The moment of a full sphere is 2MR^2/5. How would the moment of inertia of 1/2 a sphere be related to the moment of inertia of the full sphere?

AM

André Verhecken

That's easy: half of that, of course. But further on ? Do you suggest that the Moment Of Inertia of the cap is then to be calculated from the half sphere volume and the relation between cap volume and half sphere volume ?
AV

Andrew Mason

Homework Helper
André Verhecken said:
That's easy: half of that, of course.
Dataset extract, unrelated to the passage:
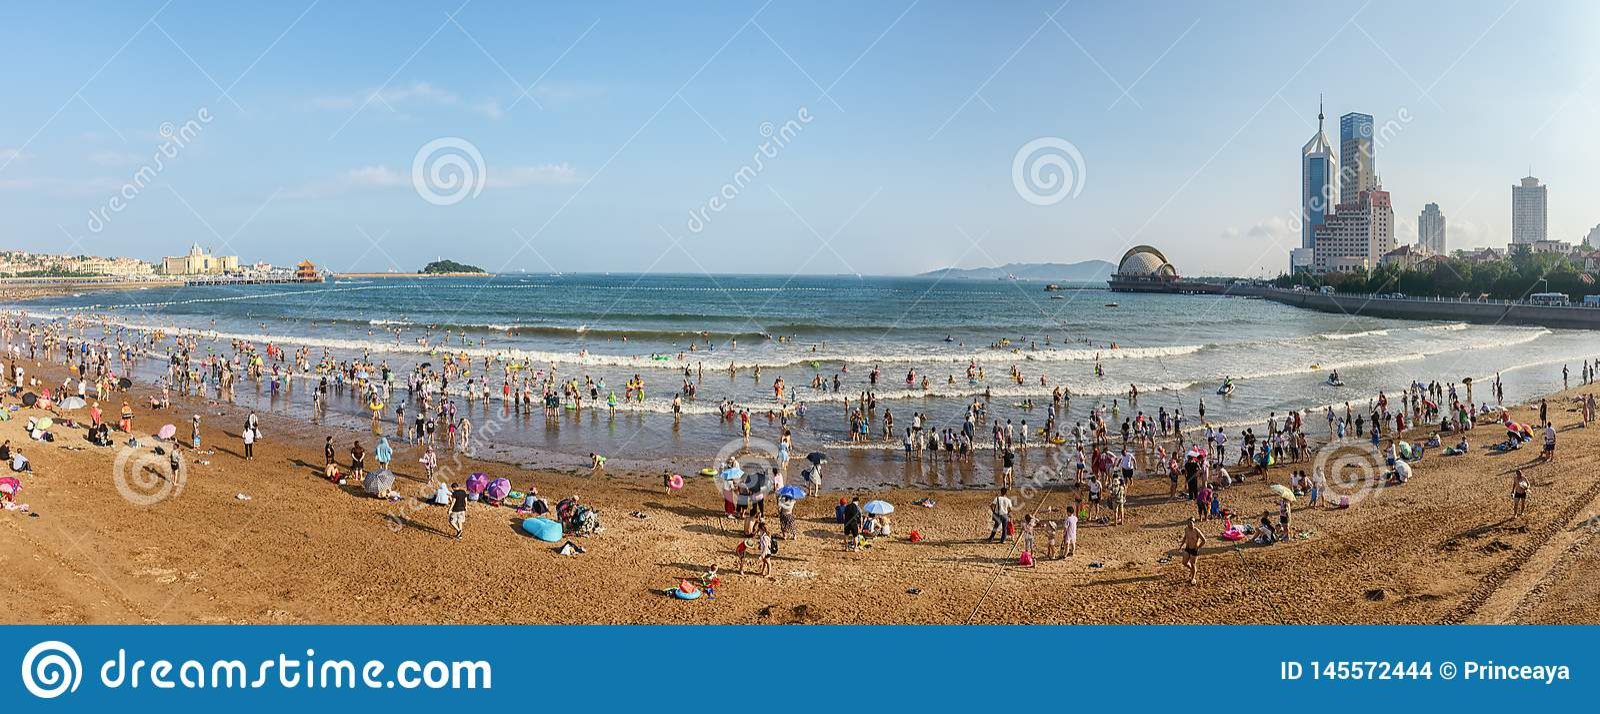 Панорамный вид пляжа в Qingdao

But further on ? Do you suggest that the Moment Of Inertia of the cap is then to be calculated from the half sphere volume and the relation between cap volume and half sphere volume ?
AV
From your initial statement of the problem, I assumed that 'cap' referred to a portion of the solid sphere.

Look at the integral for calculating the moment of inertia for a half sphere:

$$I = \frac{1}{2}\rho\pi \int_{0}^R (R^2 - z^2)^2 dz$$

To find the moment of a portion you just integrate from z_0 rather than 0.

AM

André Verhecken

As a retired chemist, it’s a very long time (40 years) that I haven’t done any integration calculus, so I forgot quite a lot of it. But I’ll try:

Let’s consider a sphere (radius R, density ρ) from which a cap is cut with a height (= the “arrow”) h and a radius of the cut circle: r. Then I name H = R – h.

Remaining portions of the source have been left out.